Write out the whole listing below exactly, skipping each picture.

Exercise data –
┄┄┄┄┄┄┄┄┄┄┄┄┄┄┄┄┄┄┄┄

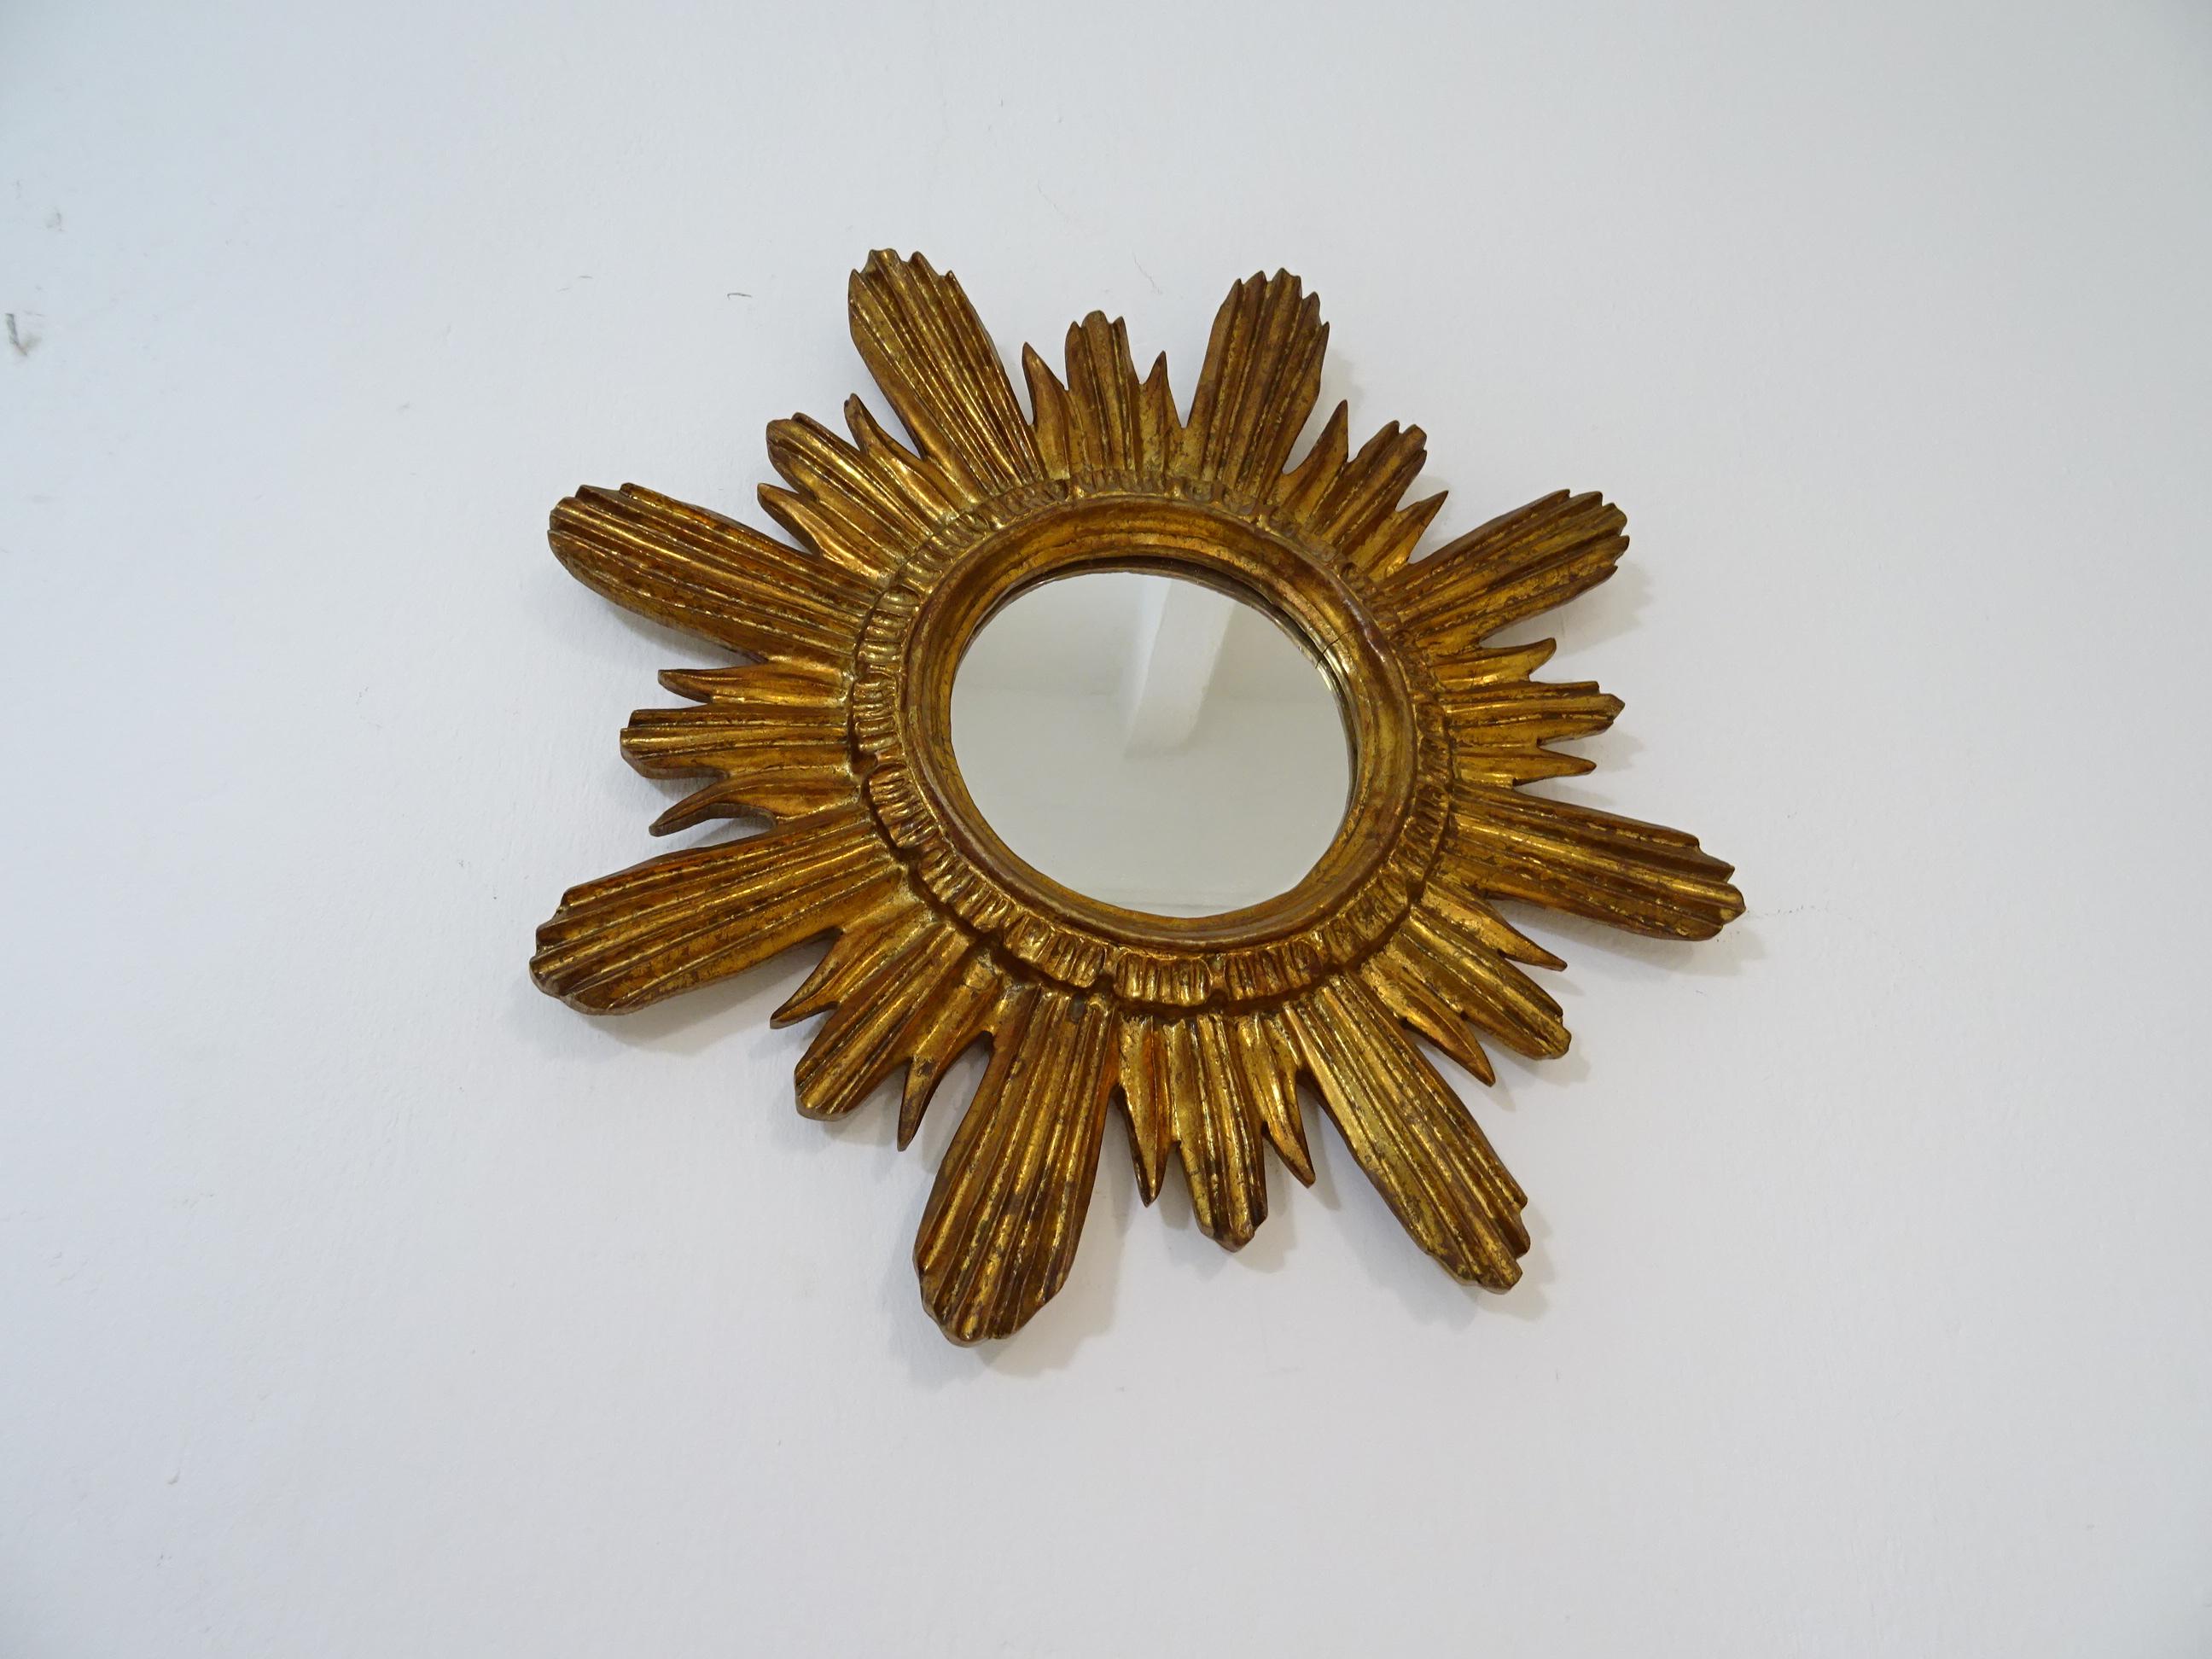 Beautiful French wood gold starburst. Mirror in perfect shape. Free priority UPS shipping from Italy, no custom fees.
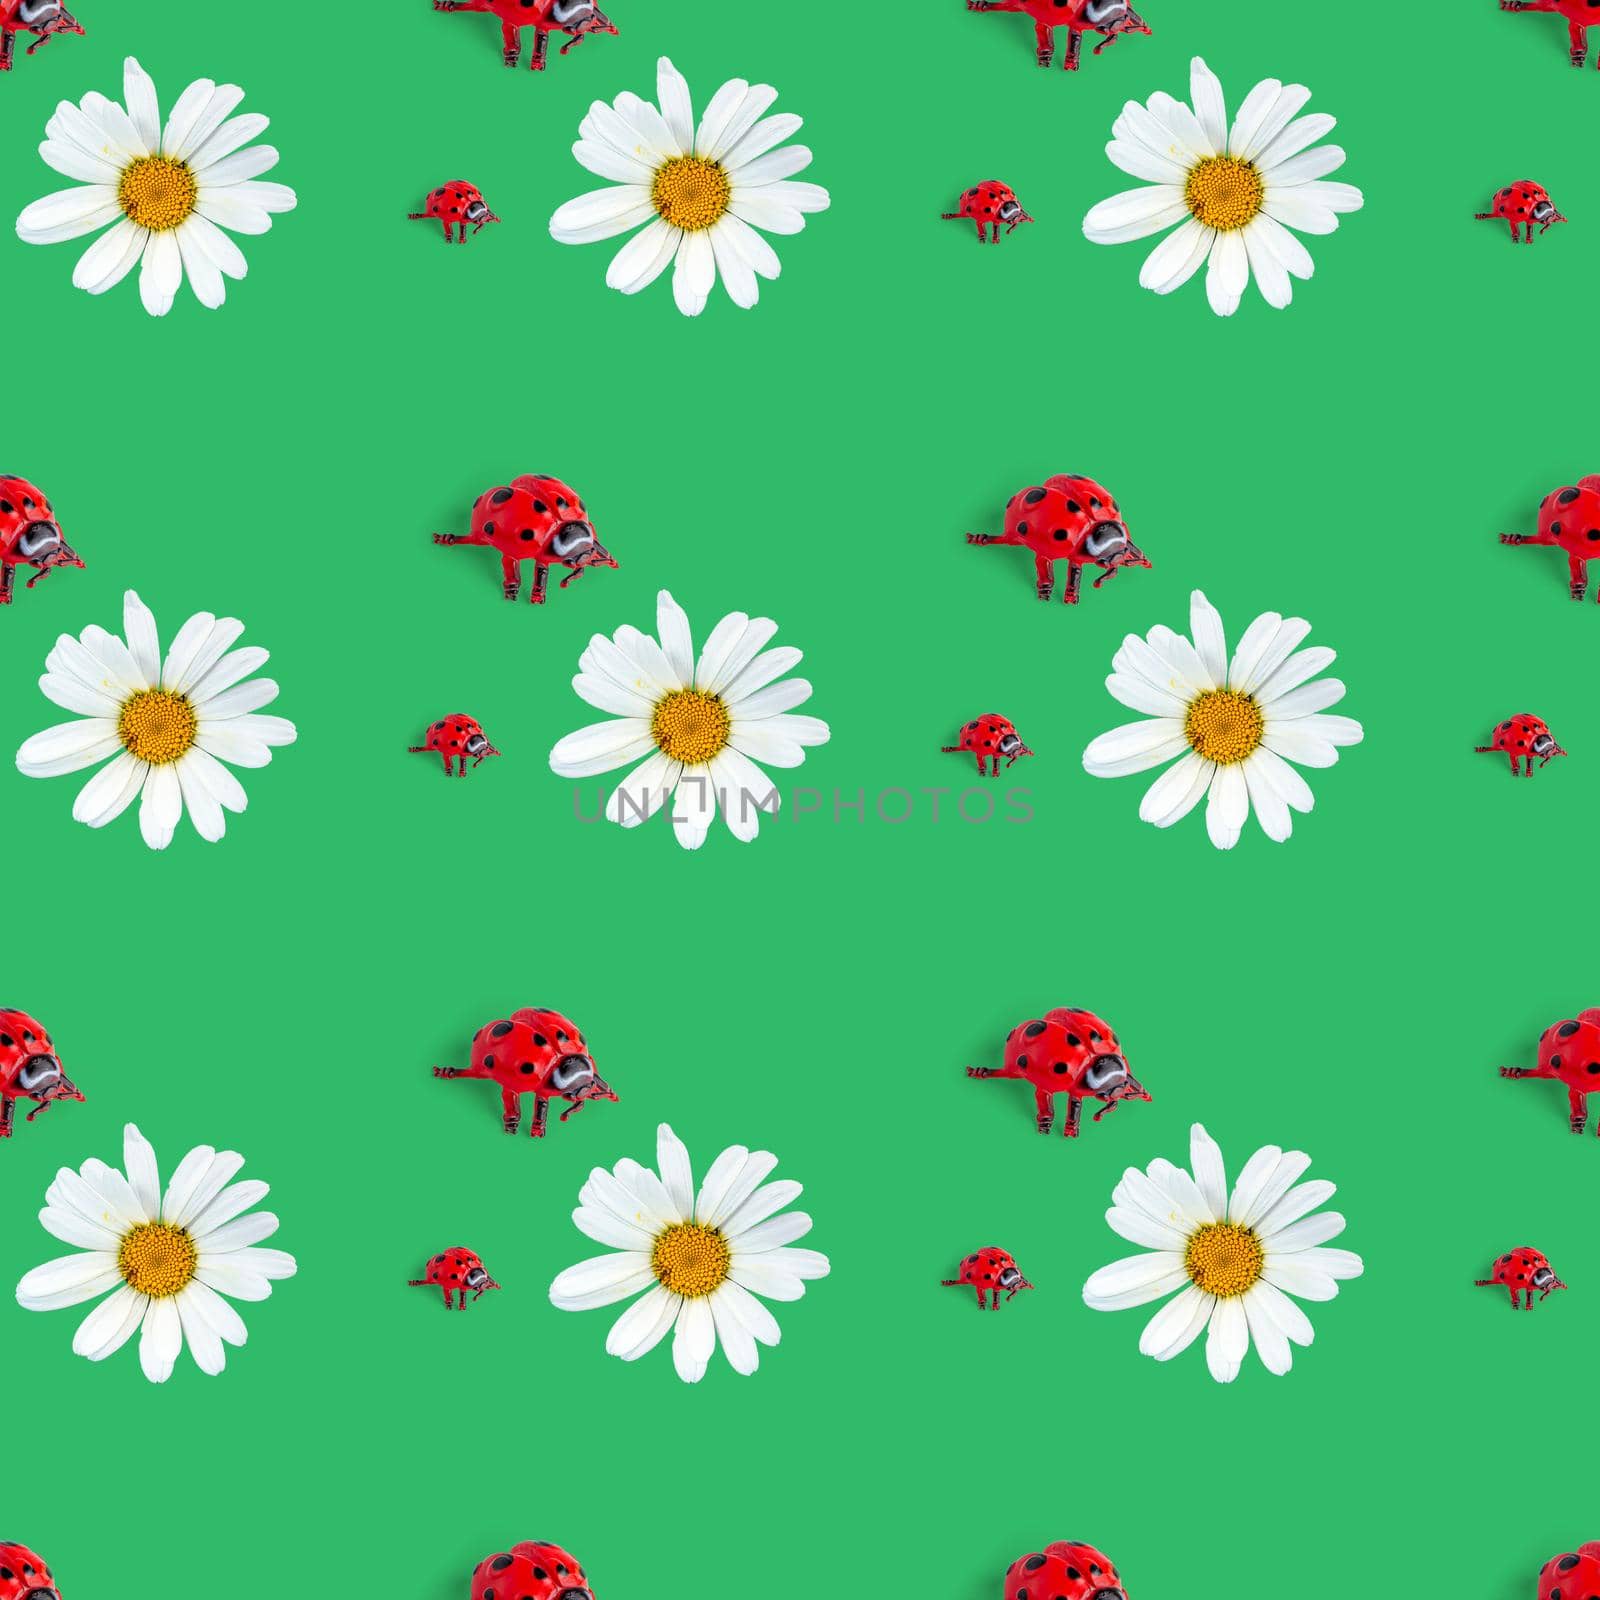 Seamless pattern of ladybug and chamomile flower on green background
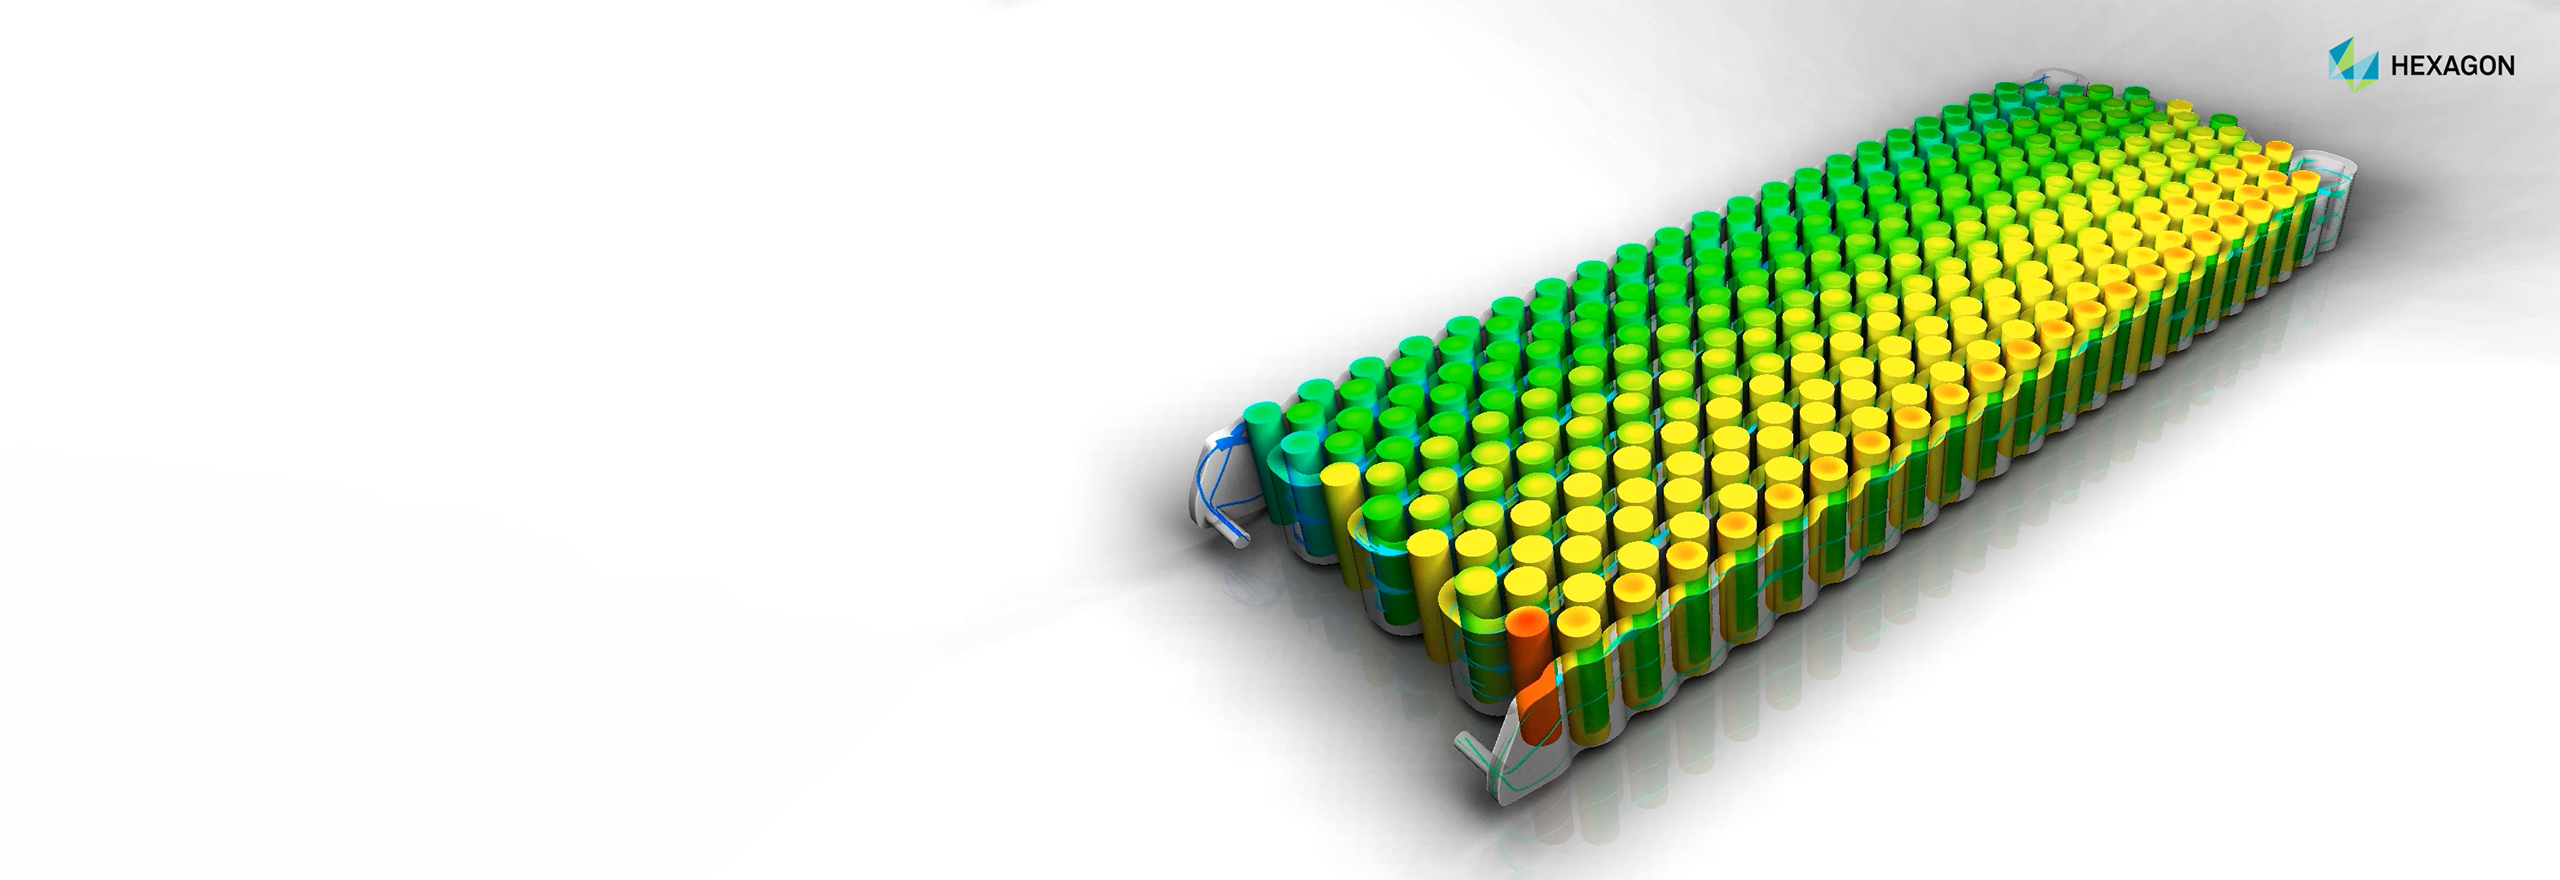 A digital simulation of a cylindrical EV battery cooling down, with colours representing different levels of heat, from green to yellow

┄┄┄┄┄┄┄┄┄┄┄┄┄┄┄┄┄┄┄┄

Answer to this problem –
 Beautiful French wood gold starburst. Mirror in perfect shape. Free priority UPS shipping from Italy, no custom fees.
 Seamless pattern of ladybug and chamomile flower on green background
 A digital simulation of a cylindrical EV battery cooling down, with colours representing different levels of heat, from green to yellow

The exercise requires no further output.